Bill for Relief of poor Prisoners for Debt.
Message to H. C. with it.
H. C. inserting a Clause about Brandy in the Bill for an additional Imposition on Foreign Commodities Unparliamentary, as a Bill of the same Effect is now depending between the Houses.
The Earl of Essex reported, "That the Lords Committees for Privileges have met this Morning, and taken into Consideration the Matter referred to them by Order of this House Yesterday; which was, to consider of the Unparliamentary Proceedings of the House of Commons, in inserting a Clause concerning Brandy into the Bill, intituled, "An Act for an additional Imposition on several Foreign Commodities, and for the Encouragement of several Commodities and Manufactures of this Kingdom; and whether it be not contrary to all former Precedents and Proceedings of Parliament, there being a Bill concerning Brandy now depending between the Two Houses; and to report to the House what Course is fit to be taken, to prevent the like for the future.
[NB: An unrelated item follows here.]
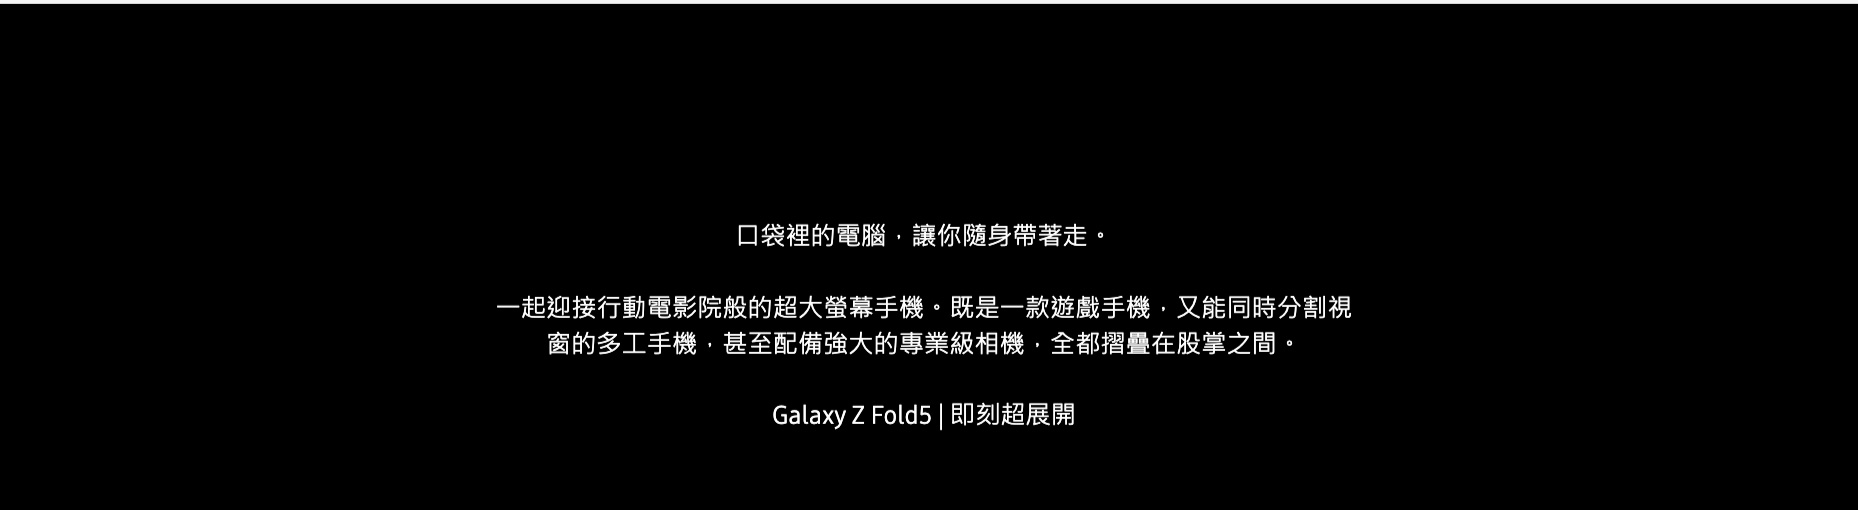 三星Galaxy Fold5
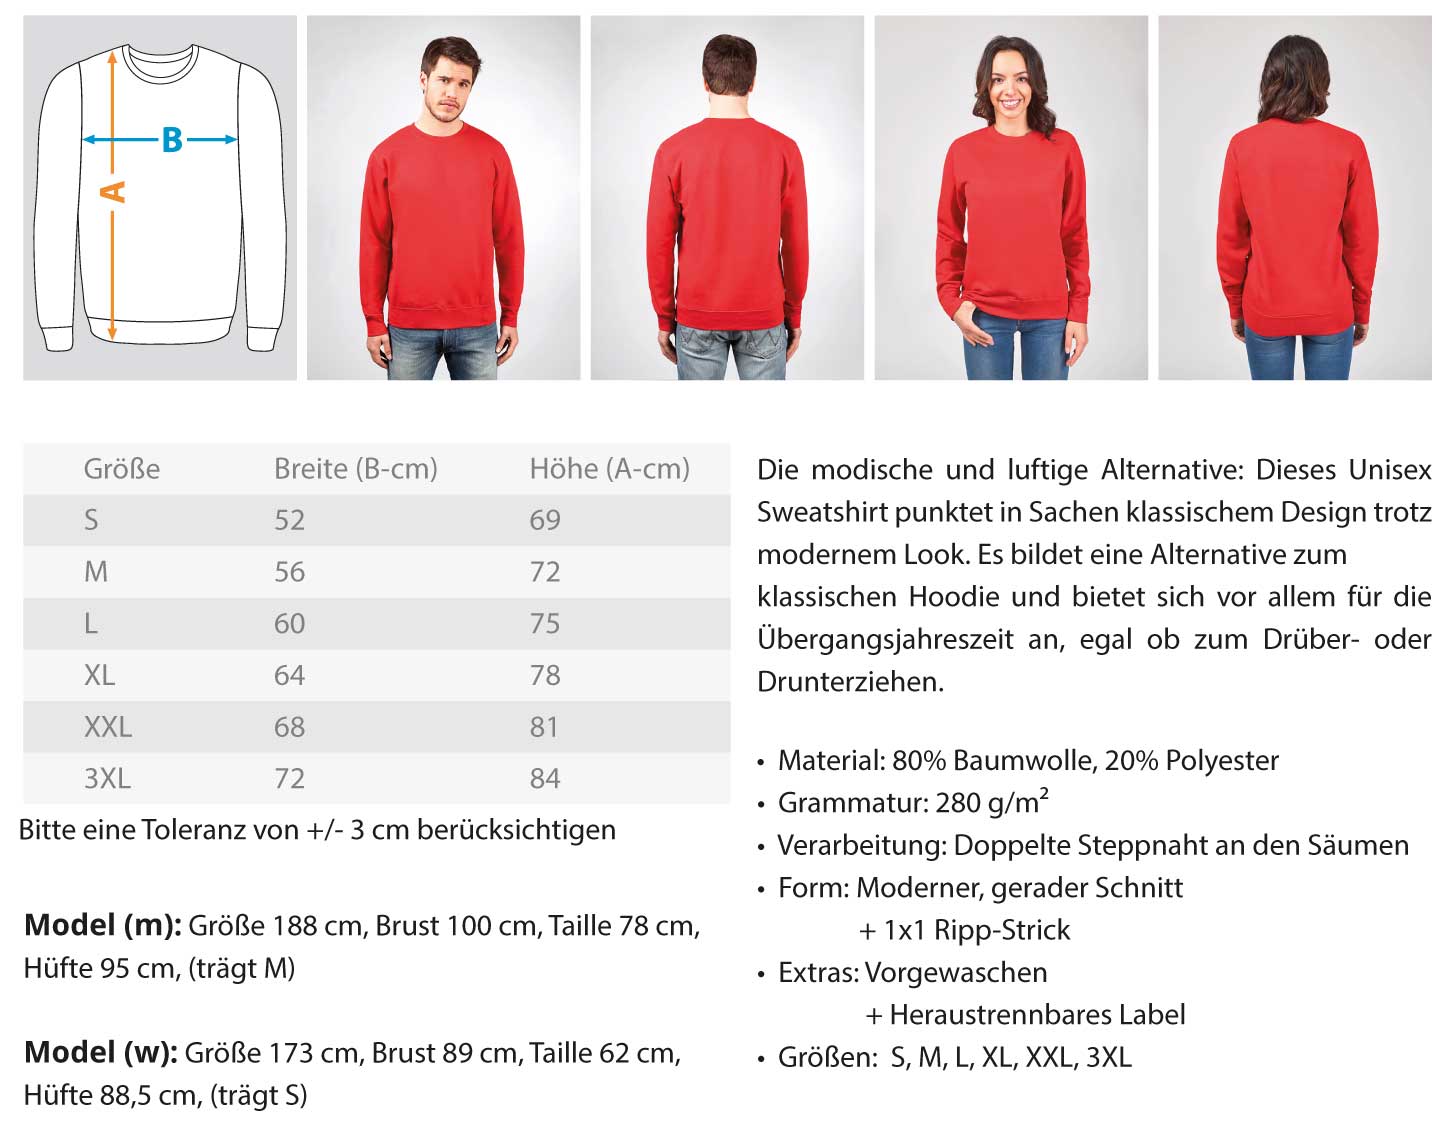 Handwerk mit Tradition Gerüstbauer  - Unisex Pullover €34.95 Gerüstbauer - Shop >>

Their Lordships have thereupon perused Two material Precedents; One in the 23th Year of Queen Eliz. on the 8th Day of March, where this Entry is upon the Journal of this House; videlicet,
"This Day the Commons House, amongst other Bills, sent up a new Bill for the fortifying of the Borders against Scotland; and withal returned a former Bill, that with great Deliberation the Lords had passed and sent down before with the same Title; which Course the Lords thought to be both derogatory to the Superiority of the Place, and contrary to the ancient Course of both Houses; and, as they misliked the Disorder, so was it their Pleasure that this their Misliking should be entered in the Records of Parliament, lest so evil an Example might be hereafter used as a Precedent."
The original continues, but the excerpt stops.